The United Nations on Thursday adopted an Israeli resolution that condemns denial and distortion of the Holocaust, the Nazi genocide that killed nearly six million Jews and millions of others.
Adoption of the resolution by the 193-member General Assembly, co-sponsored by Germany and supported by the United States and Russia among many others, took place against the backdrop of rising antisemitism globally, punctuated by an attack on a Texas synagogue less than a week ago.
Israel and other sponsors called the resolution necessary because of the profusion of misinformation and ignorance about the Holocaust and events surrounding it, especially among the young.
The General Assembly adopted the resolution by consensus — meaning it was approved without a country-by-country vote. Only Iran, Israel’s most ardent adversary, objected.
The resolution’s passage amounted to an unusual, albeit symbolic, diplomatic victory for Israel at the United Nations, where the narrative is often perceived by Israelis to be biased in favor of Palestinians’ aspirations for their own state.

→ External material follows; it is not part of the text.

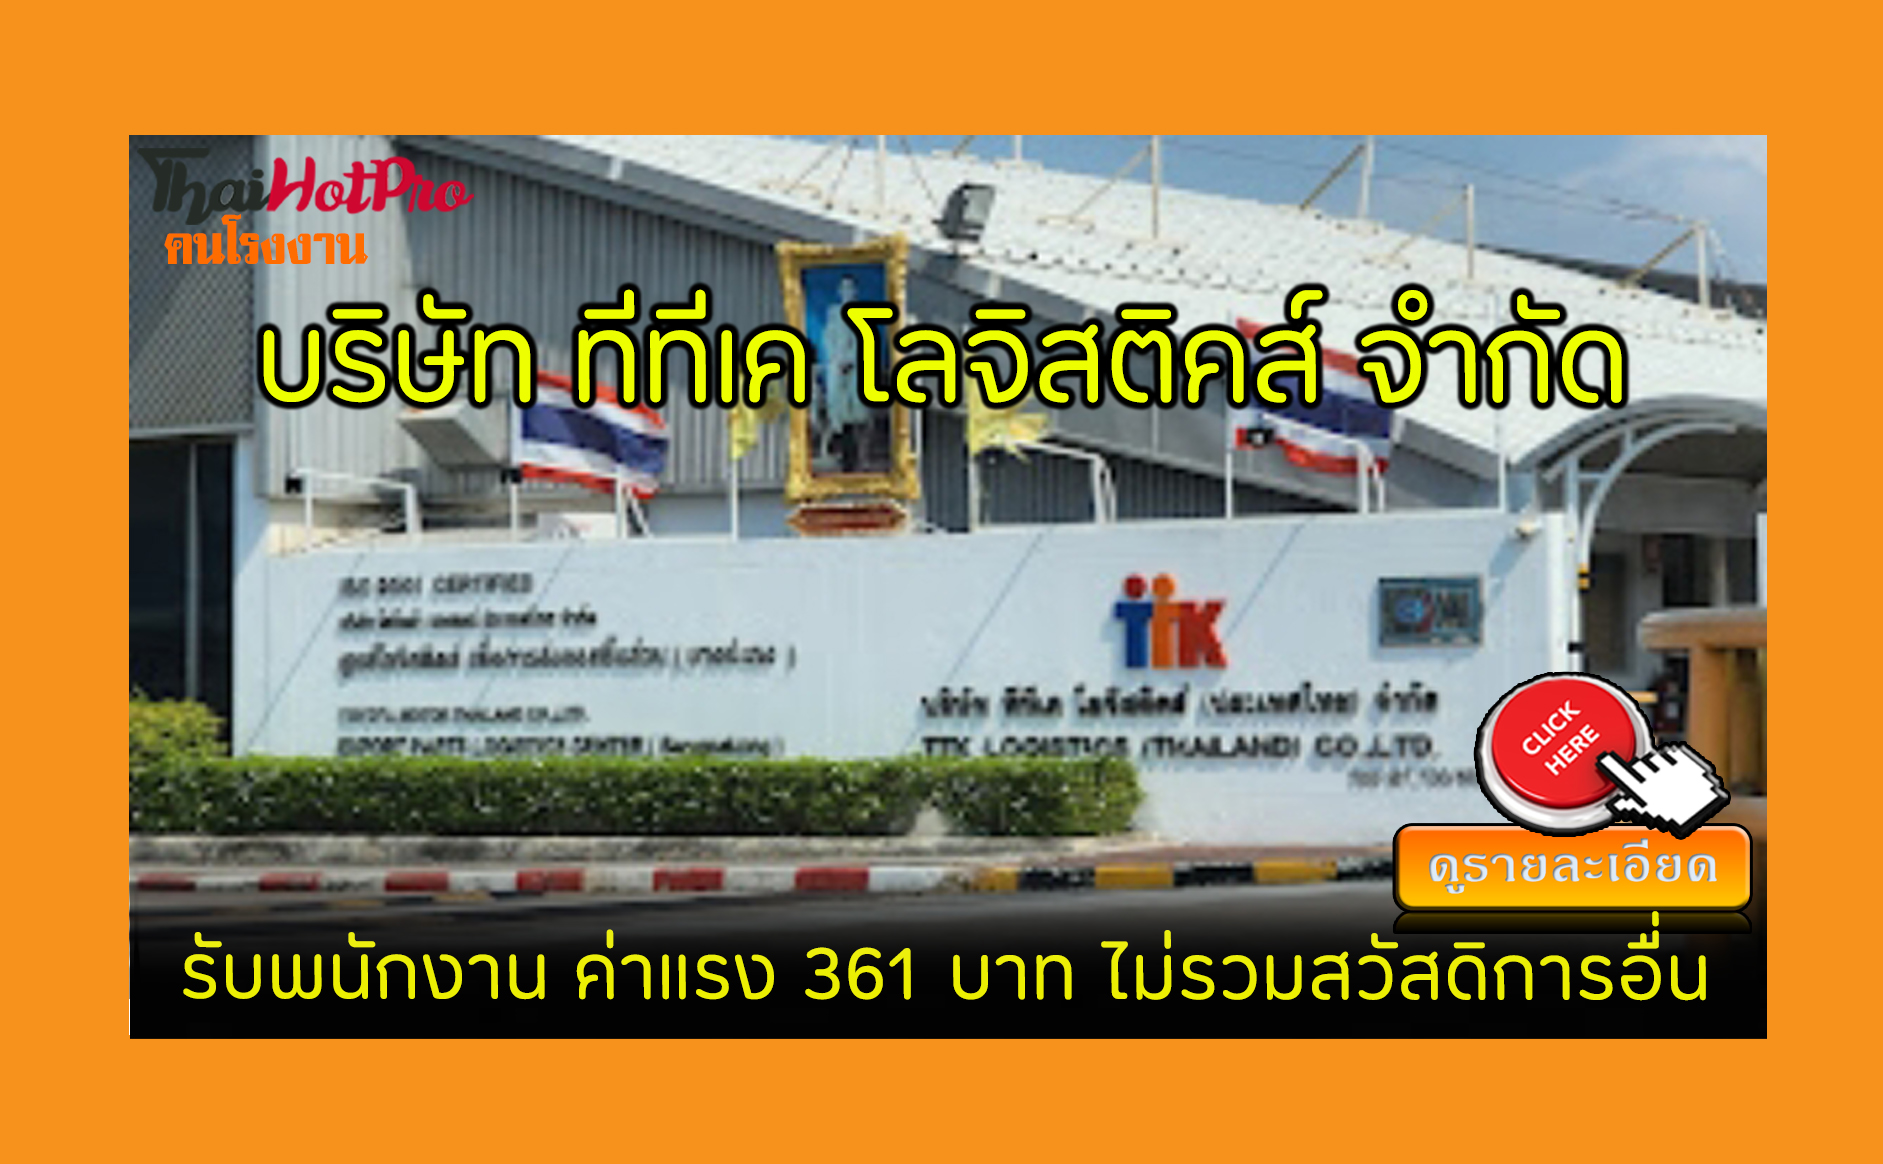 #ข่าวสมัครงาน รับสมัครพนักงาน บริษัท ทีทีเค โลจิสติคส์ (ประเทศไทย) จำกัด รับสมัครพนักงาน ค่าแรง 361 บาท ไม่รวมสวัสดิการอื่น พานทอง, ชลบุรี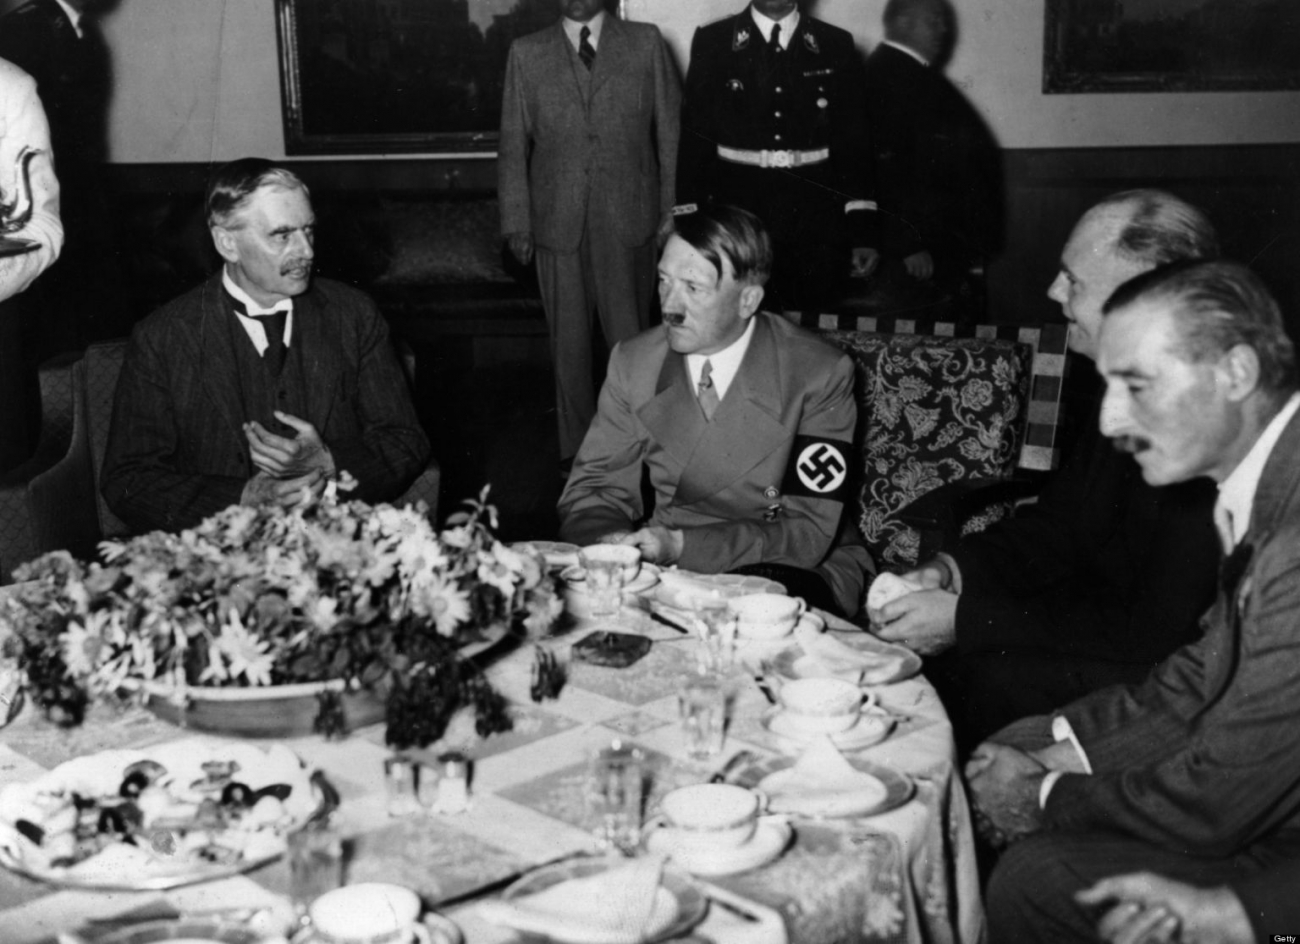 Hitler sice byl vegetarián, ale alespoň s tím nebyl otravný vůči hostům a nechával jim servírovat maso.

Diplomats said it was only the second time since Israel’s founding that the General Assembly had adopted an Israeli-backed resolution. The first was in 2005, when a resolution on establishing International Holocaust Remembrance Day was approved. That day, Jan. 27, commemorates the liberation of the Auschwitz concentration camp by Soviet soldiers in the final days of World War II.
The vote on Thursday had been scheduled to coincide with the 80th anniversary of the Wannsee Conference, the 1942 lakeside gathering where high-ranking Nazi leaders devised what they called the “Final Solution of the Jewish Question,” a plan to exterminate Jews. A third of the world’s Jewish population, including 1.5 million children, would die under their organized policy of gassing, shooting and slave labor in Auschwitz and at other concentration camps established by Hitler’s Nazi regime.
Gilad Erdan, Israel’s ambassador to the United Nations and a grandson of Holocaust victims, said in formally introducing the resolution that although the atrocities had been highly documented, “we now live in an era in which fiction is now becoming fact and the Holocaust is becoming a distant memory.”
Mr. Erdan said only about half of the world’s population had even heard of the Holocaust, and that some believe the events were a “complete myth.”
Amplified by social media, Mr. Erdan said, “Holocaust denial has spread like a cancer — it has spread under our watch,” which had made the General Assembly resolution necessary.
The resolution reaffirms that the Holocaust “will forever be a warning to all people of the dangers of hatred, bigotry, racism and prejudice.”
It expresses concern about “the growing prevalence of Holocaust denial or distortion through the use of information and communications technologies,” and urges all U.N. members to “reject without any reservation any denial or distortion of the Holocaust as a historical event, either in full or in part, or any activities to this end.”
The resolution also commends countries that have “actively engaged in preserving those sites that served as Nazi death camps, concentration camps, forced labor camps, killing sites and prisons during the Holocaust, as well as similar places operated by Nazi-allied regimes, their accomplices or auxiliaries.”
It also urges all U.N. members “to develop educational programs that will inculcate future generations with the lessons of the Holocaust in order to help to prevent future acts of genocide” and urges “social media companies to take active measures to combat antisemitism and Holocaust denial or distortion.”
The United Nations already undertakes a number of educational efforts to combat antisemitism and Holocaust denial, largely through the work of UNESCO — the U.N. Educational, Scientific and Cultural Organization. Last year, for example, UNESCO and the World Jewish Congress signed an agreement with Facebook directing users searching for Holocaust terms to an information website they created, aboutholocaust.org.
Eliot Minchenberg, director of the UNESCO office in New York, said a similar agreement could soon be signed with TikTok.
He also said the new U.N. resolution would “definitely give us more support, and maybe leverage, when it comes to engaging member states” in the effort to educate people about the Holocaust, noting that in many countries, its history is not taught in schools.
“We shouldn’t be surprised if kids don’t know,” he said.